В тот день не задремал, не впал в забытье Жаксылык. То ли дума о смерти не дала сомкнуть глаза, то ли звонкий голос Айдосова коня встревожил душу и теперь она томилась незнакомым ожиданием, но бодрствовал старый Жаксылык. Чуткое ухо его уловило неумолчные звуки степи. И среди них, бесчисленных, громких и тихих, искал он один лишь - шаги сына! И услышал. Перед куптаном - вечерней молитвой. Едва отворилась дверь и на пороге оказался Доспан, как Жаксылык произнес весело:
- Пришел, ягненочек мой!
Удивился Доспан и обрадовался: не слыхал давно уже бодрого голоса отца. И откликнулся, счастливый:
- Откуда узнал, что это я?
Только ты да ветер отворяют и затворяют нашу дверь…
Верно, кому взбредет в голову переступить порог одинокой мазанки, что стоит на самом краю аула! Одному ветру. Он-то неразборчив, беден или богат хозяин.
Что ж, однако, печалиться… Не все равнодушны к Жаксылыку и его сыну. Не все. Доспан это знает теперь. Кумар и Айдос-бий разговаривали с ним нынче.
С тем и шел домой Доспан, радостью своей спешил поделиться. Да что слова голодному! Отец и маковки не держал с утра во рту. А в руках у Доспана тыквенная чаша с кислым молоком и лепешка из джугары. Черствая, правда. Свежую пожалела хозяйка, слепому да умирающему все, мол, едино, тверда ли, мягка ли, хлебом бы звалась, а пасти за хлеб и уговаривались.

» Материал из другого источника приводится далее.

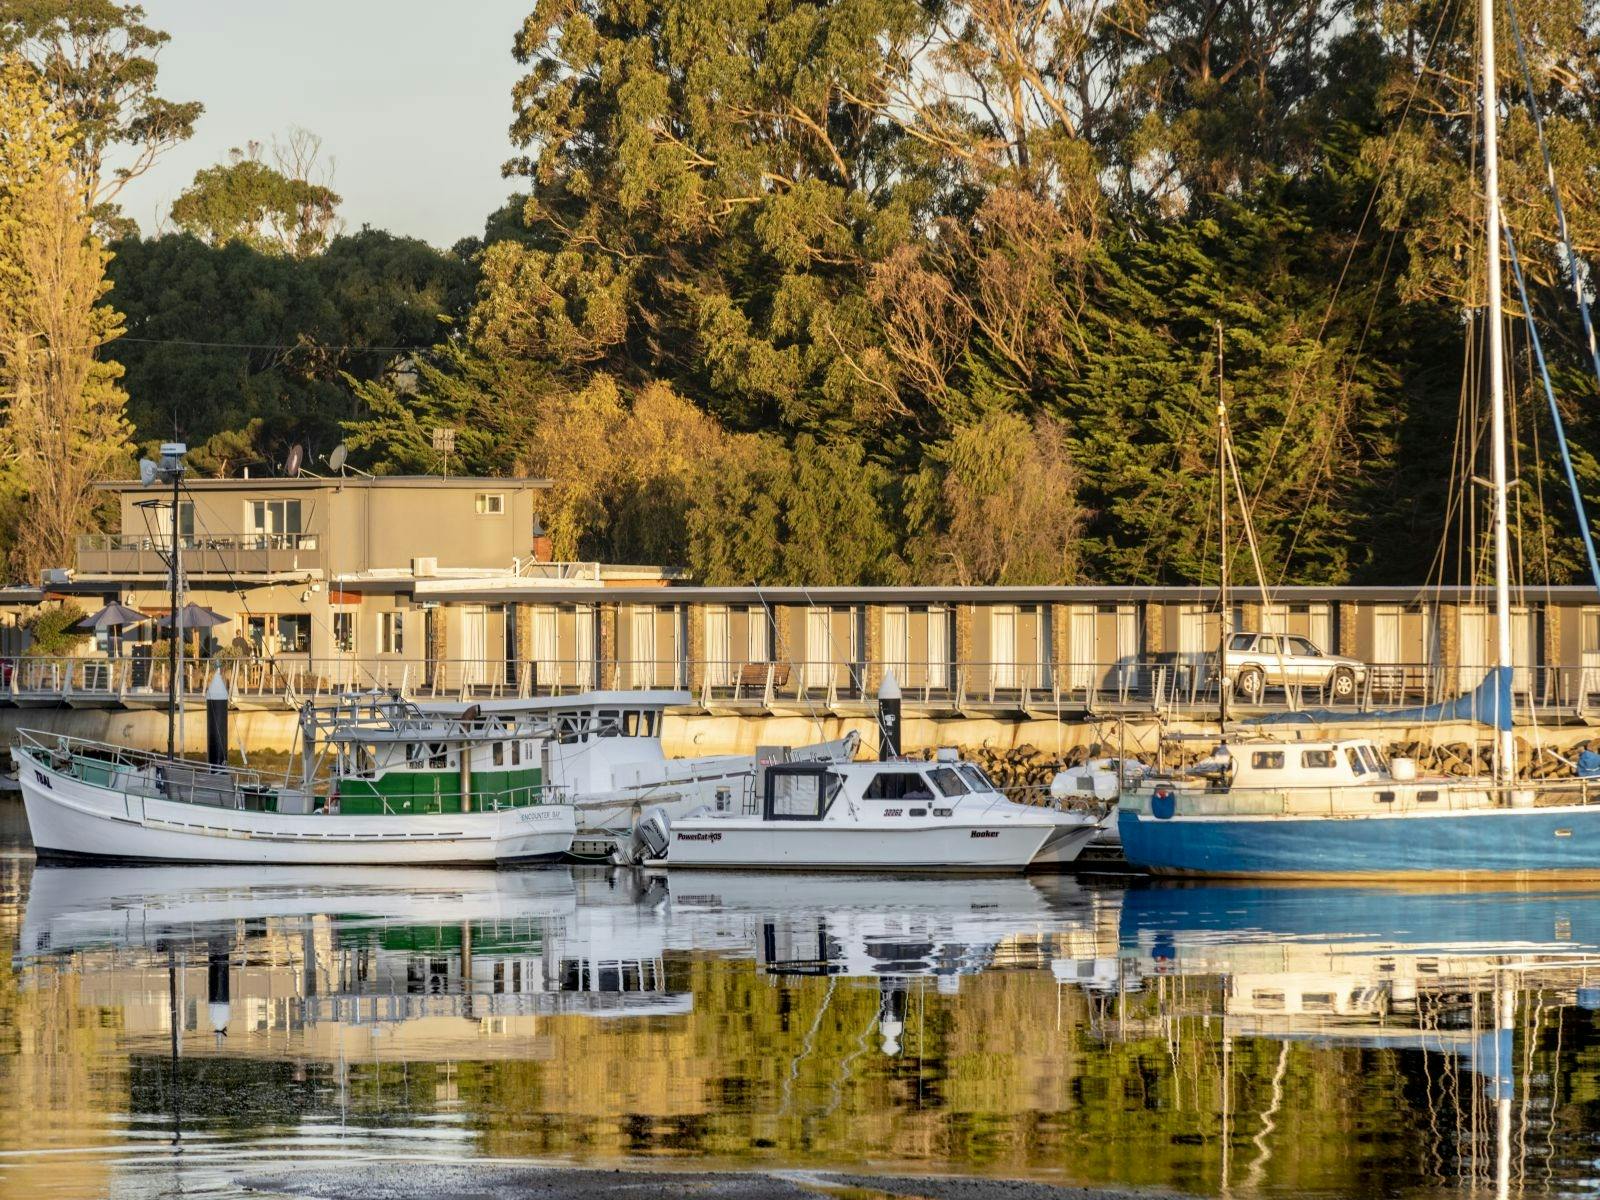 Boats moored on river in foreground with motel in background with large gum trees behind motel

Протянул Доспан молоко отцу, подождал, пока дрожащие губы слепого коснутся края чаши и отхлебнут толику кислой жижи, и, когда коснулись и отхлебнули, не стерпел все же, сказал:
- Говорил со мной нынче Айдос-бий!
Что говорил и тем осчастливил пастуха, не оценил Жаксылык, а вот как назвал бия - отметил. Поправил мягко сына:
- Зови не Айдос-бий, а дедушка-бий. Он нам как отец…
Кивнул согласно Доспан и повторил:
- Дедушка-бий.
Полились потом слова потоком обильным, речист оказался Доспан: обо всем, что видел и что слышал, поведал отцу. Не забыл и про Кумар, и про ту серебряную монету, что подарила ему красавица.
Снова процедил Жаксылык слова сына через решето, и ни одно не задержалось, как не задерживается чистая вода. Только самые последние: "По-моему, дедушка-бий не позволит младшему брату взять в жены Кумар…" - задержались и встревожили слепого.
- Не говори так! Истинный смысл сказанного бием тебе неведом, как неведомы и его намерения. Кумар предназначена Мыржыку и войдет в его юрту женой…
- Астапыралла! - воскликнул Доспан и тем выдал свое огорчение.
Не будь этого возгласа, не узнал бы Жаксылык, что тронула Кумар наивное и восторженное сердце Доспана. На лице-то сына все было написано: и мука, и испуг, и надежда, да незрячий разве прочтет написанное! Улыбнулся Жаксылык грустно, подумал: "Дитя неразумное. Неведомо ему, что он пастух лишь". Решил объяснить сыну, на чем держится этот мир, но, объясняя, не повел прямой и короткой дорогой, чтобы вдруг не напугать Доспана. Издали и страшное не так страшно, и черное не так черно, и можно привыкнуть к черноте, если она, как ночь, начинается с сумерек.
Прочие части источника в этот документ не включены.